И вот, она играла прокаженную, где ее топтали лошади. Какой-то другой фильм, где ее сжигали живьем в каком-то доме. Вообще, я просто обрыдалась, хотя она сидела рядом со мной в кинотеатре, держала меня за руку и говорила: «Я здесь, я с тобой», а все равно я сердилась, что она мне мешала плакать...
А потом мы поехали на Шпицберген, потому что мой отец был там консулом. Я была на Шпицбергене два года, прямо перед балетной школой. Там, знаете, было не до кино.
Потом наступили страшные годы, когда его арестовали, расстреляли, потом мать попала в ГУЛАГ. Так что, детство было не очень веселое. (Михаила Плисецкого, отца Майи, в 1937 году арестовали — «за измену Родине и участие в заговоре против Сталина». Через год расстреляли. Майину мать, киноактрису Рахиль Мессерер, вместе с грудным третьим ребенком поместили в Бутырскую тюрьму, приговорив ее к восьми годам заключения, выслали в Казахстан в Акмолинский лагерь жен изменников Родины. Чтобы девочка не была отдана в детский дом, маленькую Майю удочерила ее тетя по материнской линии, балерина, солистка Большого театра, Суламифь Мессерер, – прим. «АВ».)
В нашей балетной школе были дети репрессированных родителей. Но их почему-то не трогали. Даже в театр брали. Что-то вообще было, поскольку логики вообще никакой не было. Кто-то из детей страдал тоже, их сажали в тюрьмы, в лагеря и т.д. А кто-то как-то мимо это проскочило. Неизвестно ведь. Поскольку это нелогично, тут невозможно даже ответить», – из интервью на радиостанции «Эхо Москвы».
НЕВЫЕЗДНАЯ
...Пятого октября 1955 года танцую «Дон Кихот» для канадского премьера Пирсона. Как водится, на следующий день прием в канадском посольстве. Пирсон и вся его свита расточают медовые похвалы. И тут же вопросы — почему бы не выступить мне в Канаде, кстати, и канадский импресарио тут, продиктуйте ему желательный для вас репертуар.
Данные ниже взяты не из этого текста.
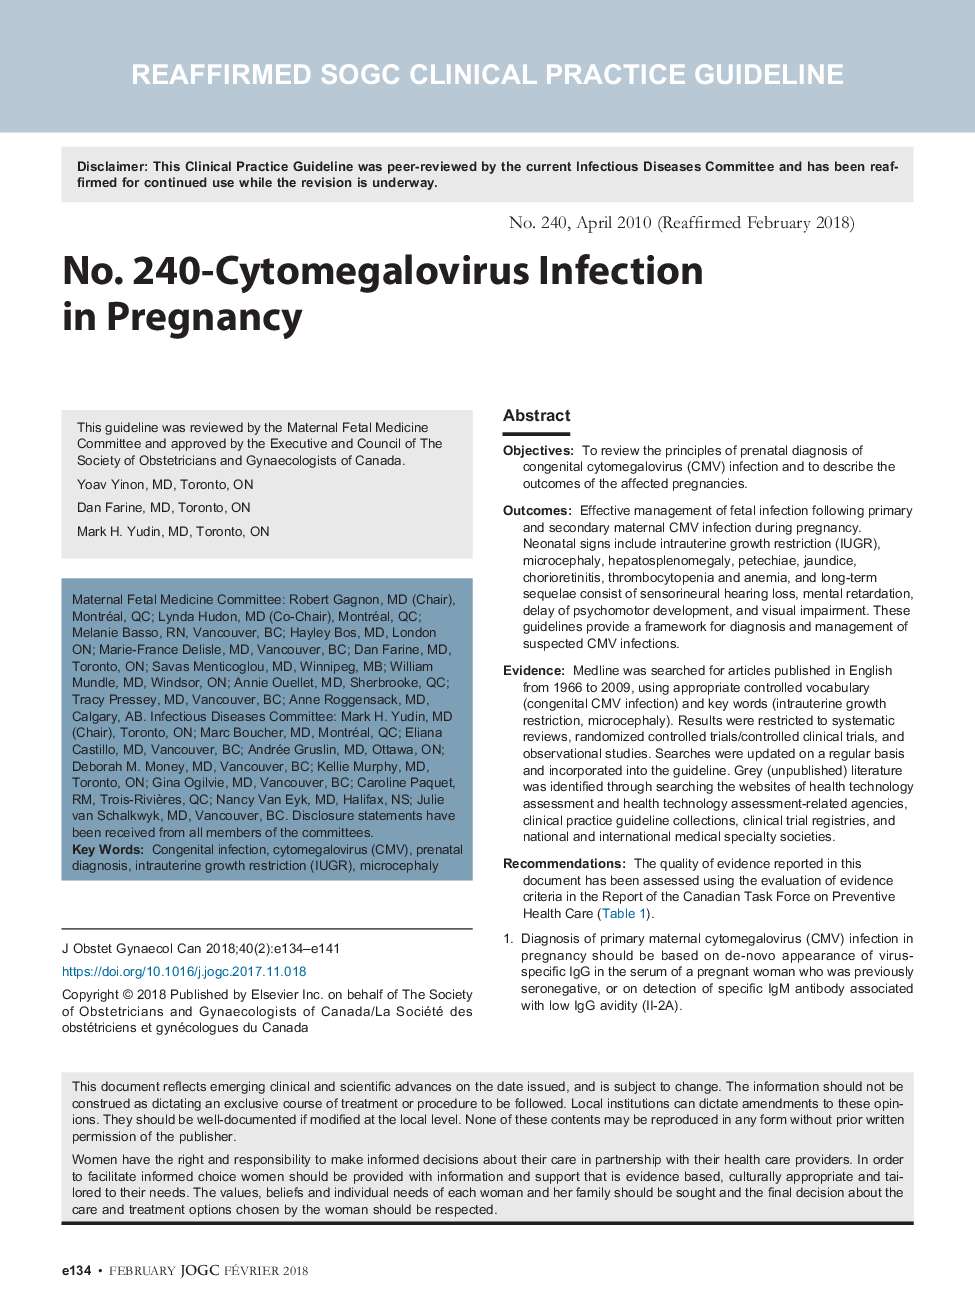 شماره 240- عفونت سیتومگالوویروس در بارداری

Присев за край стола, вывожу: «Спящая», «Лебединое»... Целая страничка получается.
Еще через несколько дней прием в мидовском особняке. Возле порога наш министр иностранных дел стоит — Вячеслав Михайлович Молотов. Пенсне поблескивает, усишками шелестит. Больно, долго жмет руку. Заикается: «Рад приветствовать вас, Майя Михайловна. Хорошо танцевали. Канадцам вы очень понравились»...
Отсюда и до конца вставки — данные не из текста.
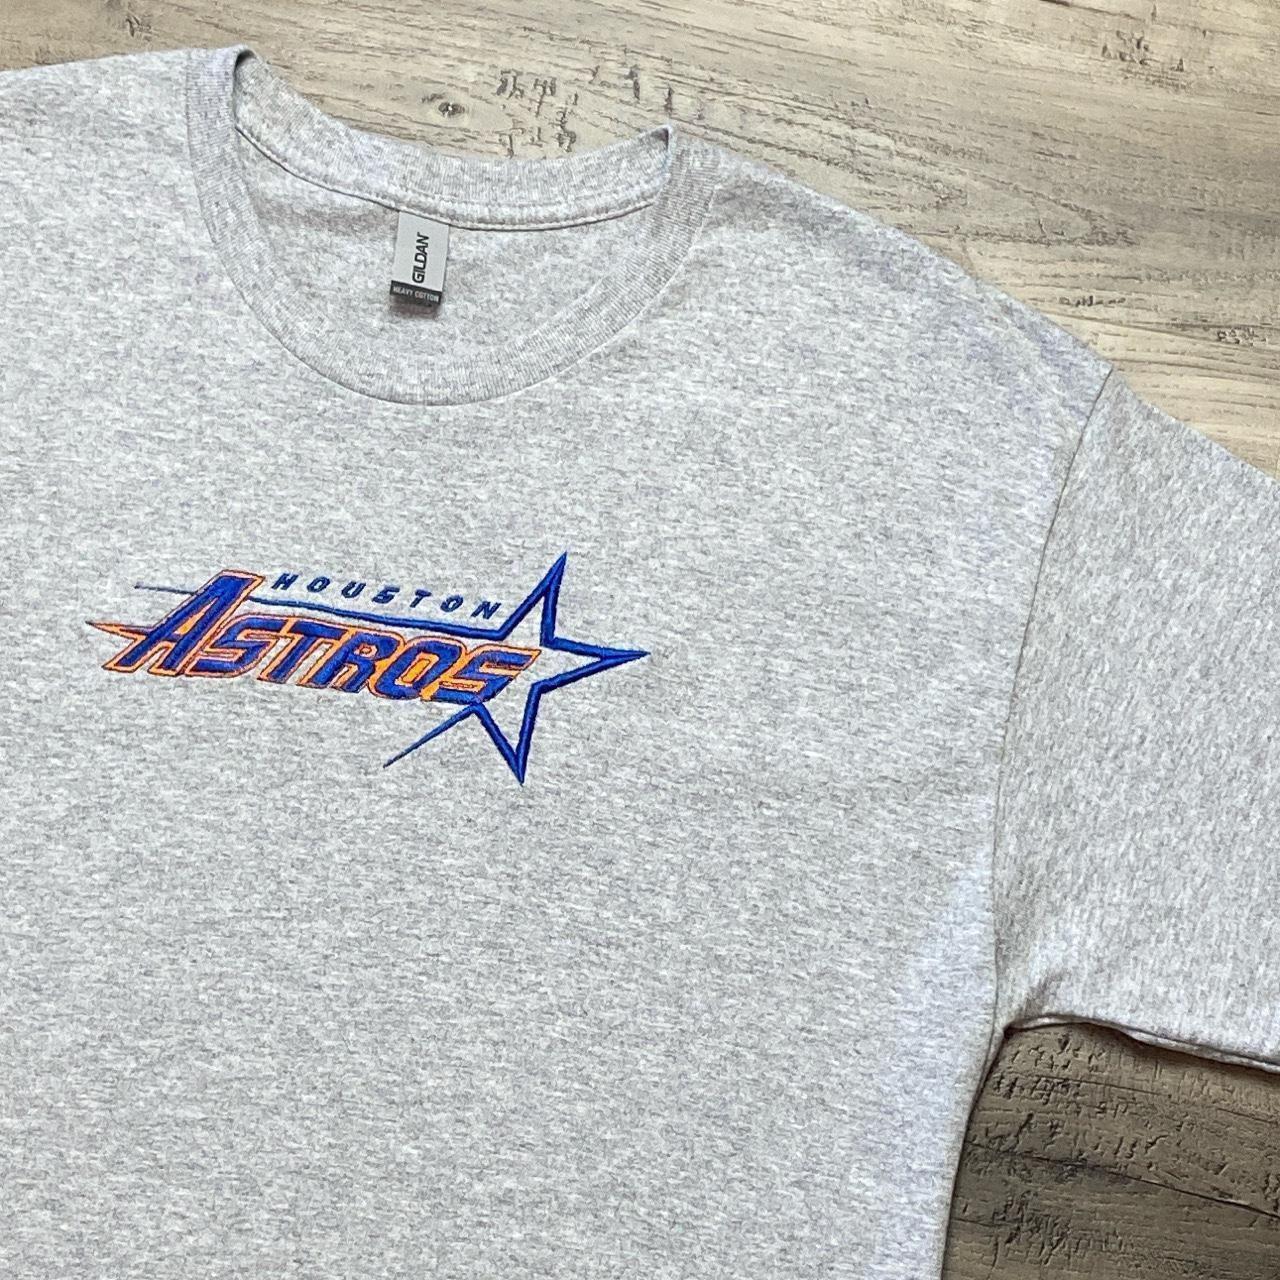 Astros-Cotton T-shirt

Впервые вижу совсем вблизи Маленкова, Кагановича. И вдруг Молотов предлагает Пирсону поднять бокалы за мое здоровье и искусство. Вожди согласно кивают головами и иссушают шампанское до дна. Я уловчаю момент — и скороговоркой выпаливаю, что меня за границу не выпускают...
Накануне нового 1956 года в Кремле новогодний бал. Мой первый разговор с Хрущевым. Подошел он ко мне с Микояном, ручку жмет, улыбается, водкой от него на метр разит: «Сколько раз издаля вас видел, вблизи хочу поглядеть. На сцене вы большая, видная. А тут — тощий цыпленок». Может, и надо было мне ввернуть Хрущеву, что невыездная, мол. Но что-то удержало, одернуло. Мелко как-то, унизительно.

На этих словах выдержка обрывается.